:: DATASET EXTRACT

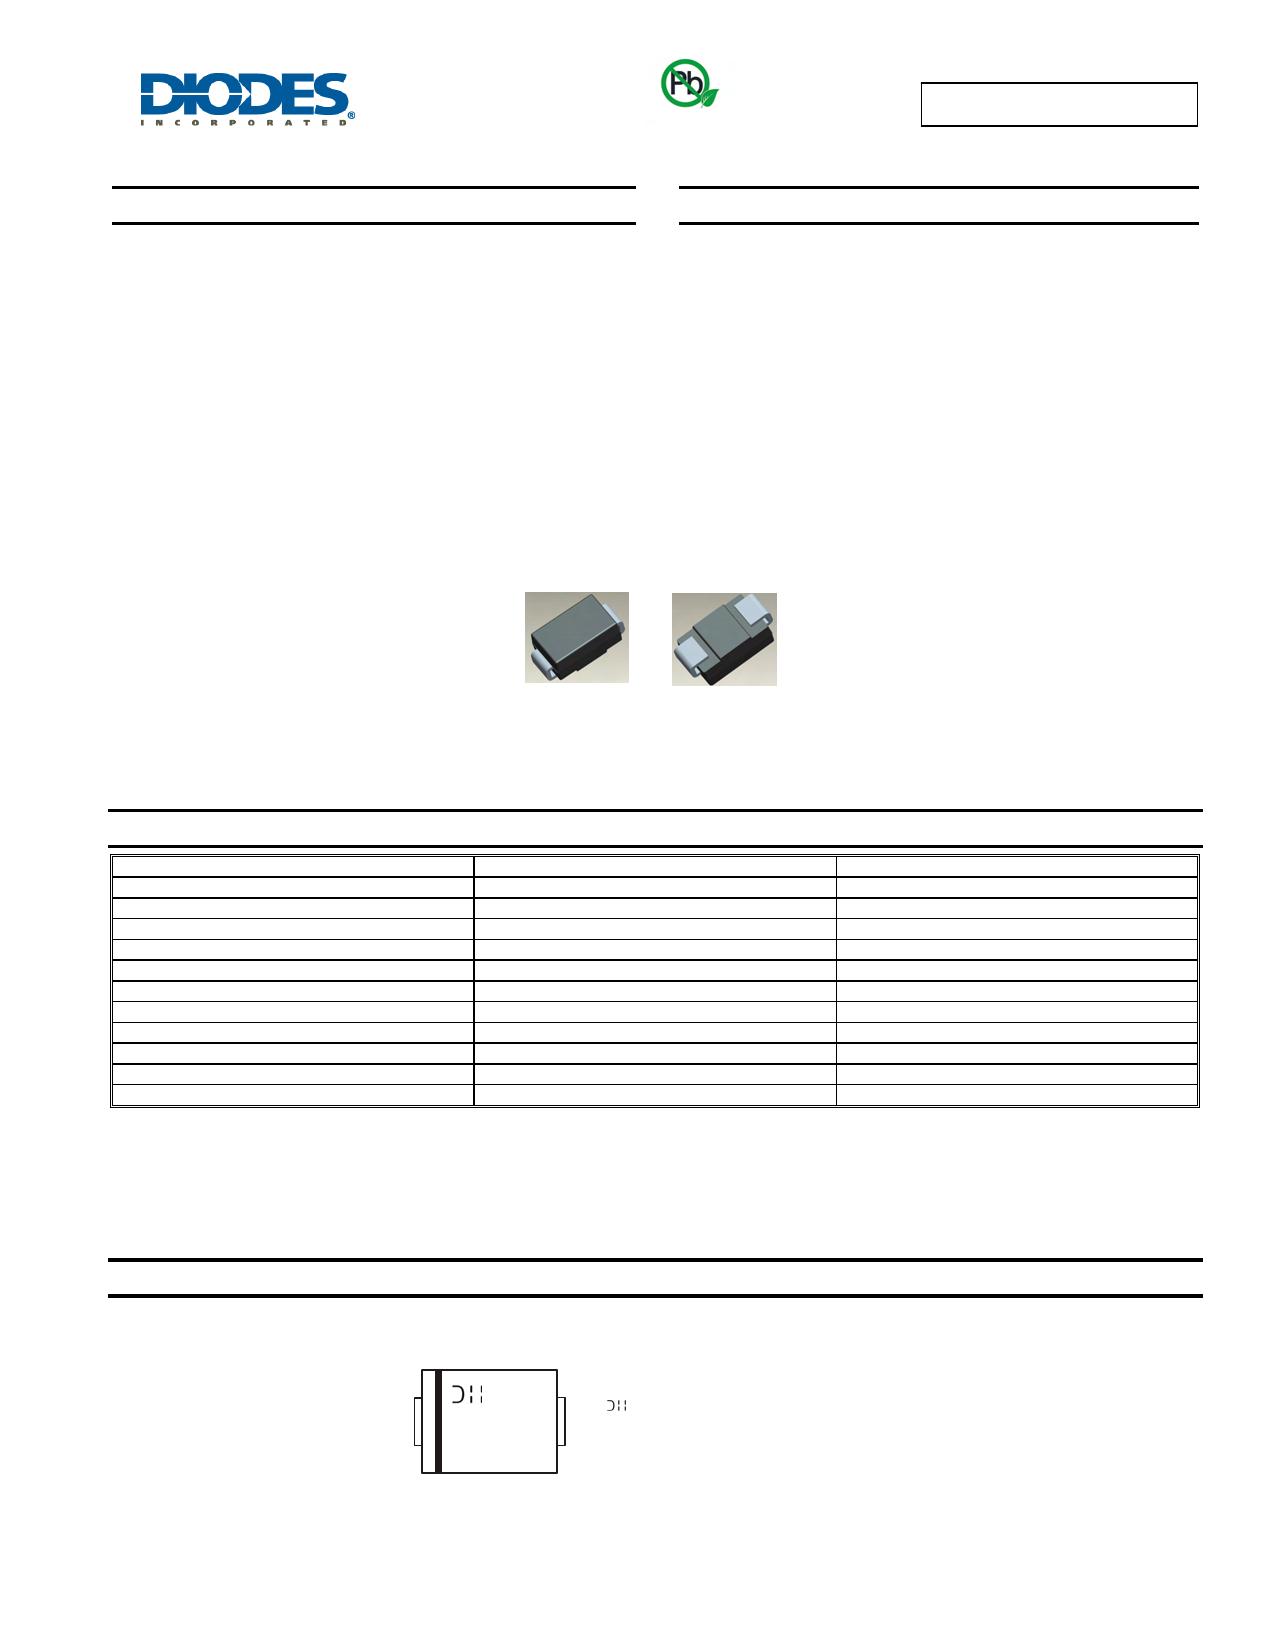 TB0900M datasheet
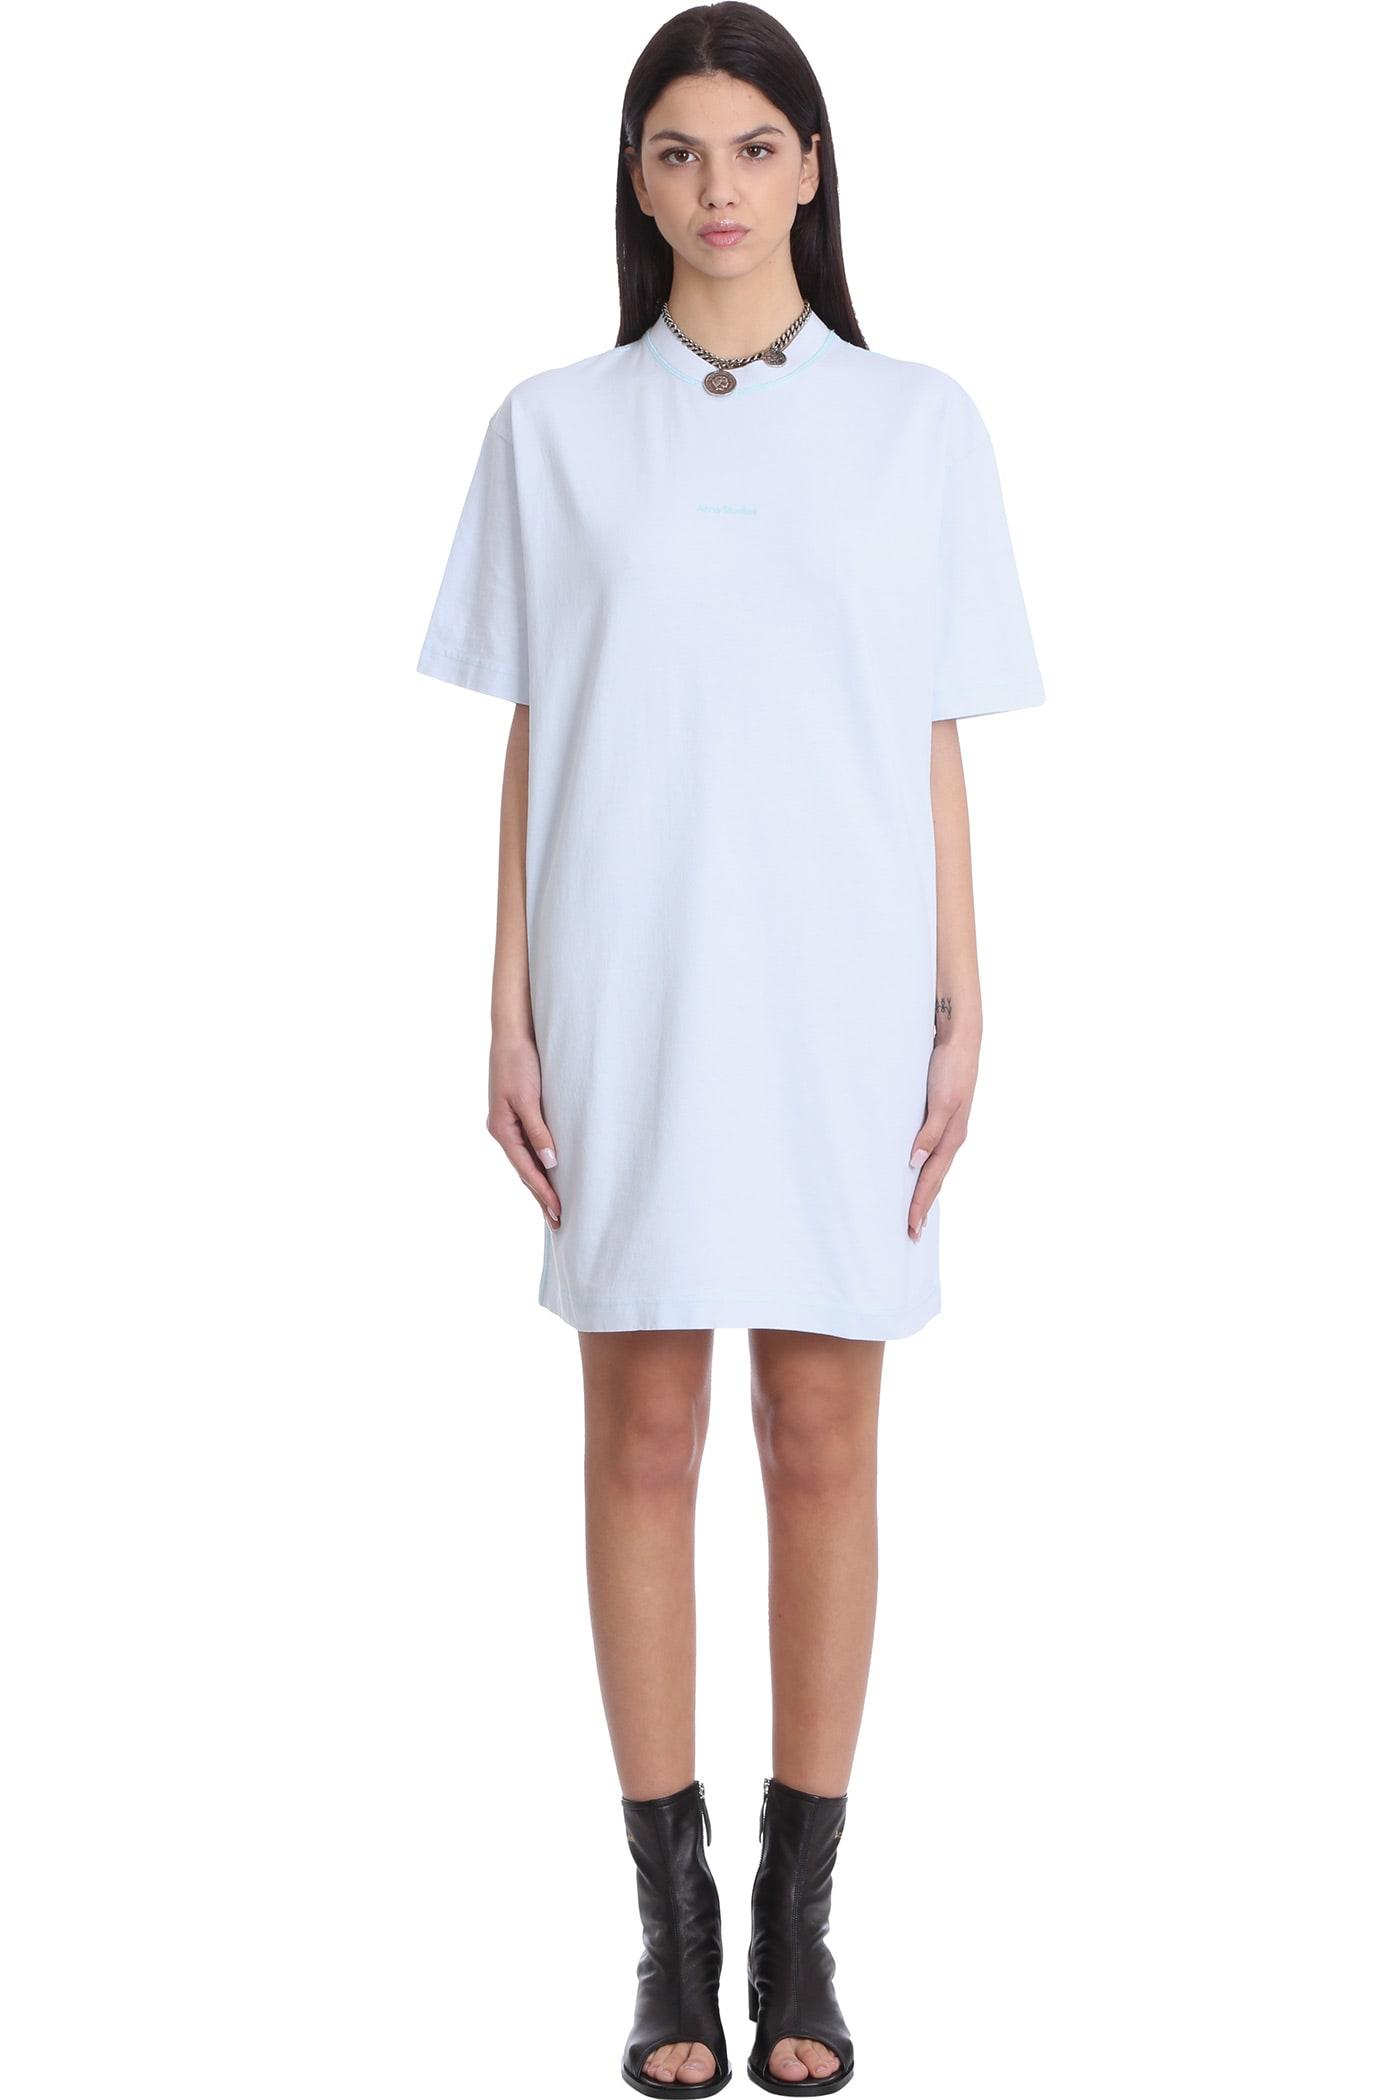 Acne Studios Erin Stamp Dress In Cyan Cotton
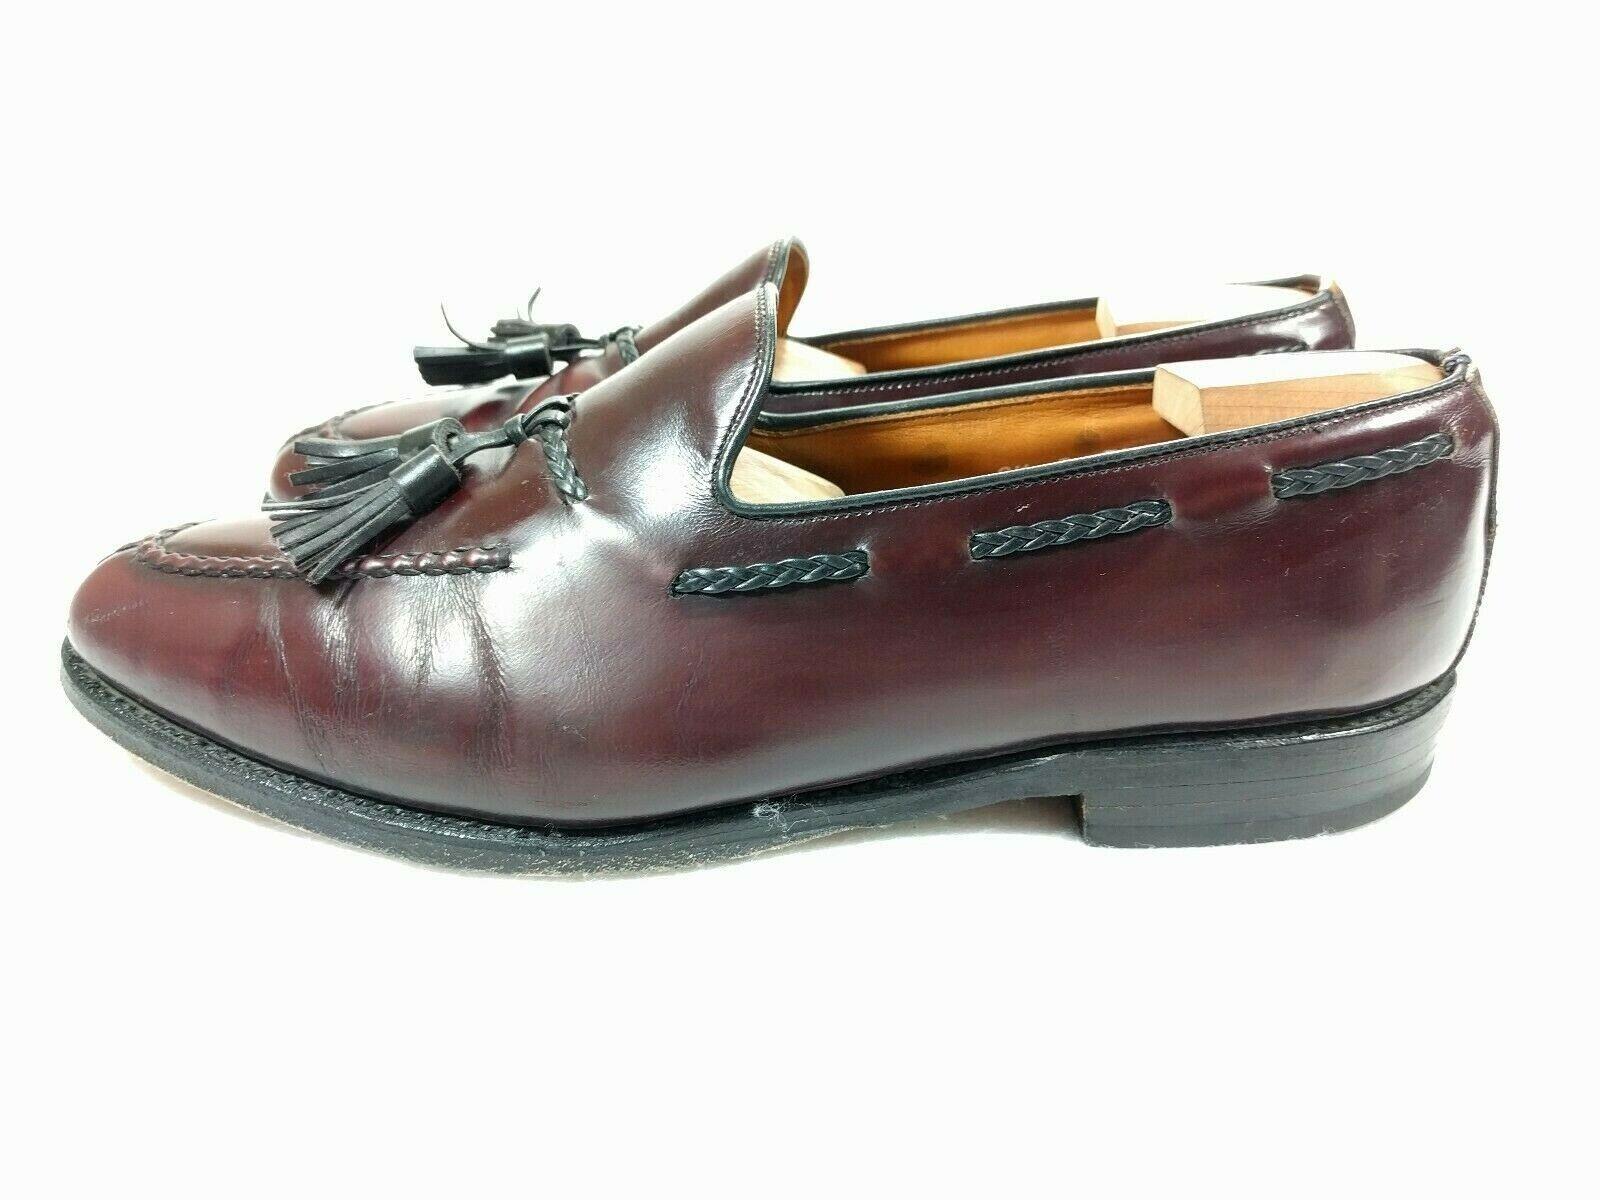 ALLEN EDMONDS Men's Pembrooke Burgundy Leather Tassel Loafers shoes Size 9.5 B

::::

§ ASSIGNMENT
Retype the material in full, exactly as written, and exclude the pictures.

§ TASK SOLUTION
 TB0900M datasheet
 Acne Studios Erin Stamp Dress In Cyan Cotton
 ALLEN EDMONDS Men's Pembrooke Burgundy Leather Tassel Loafers shoes Size 9.5 B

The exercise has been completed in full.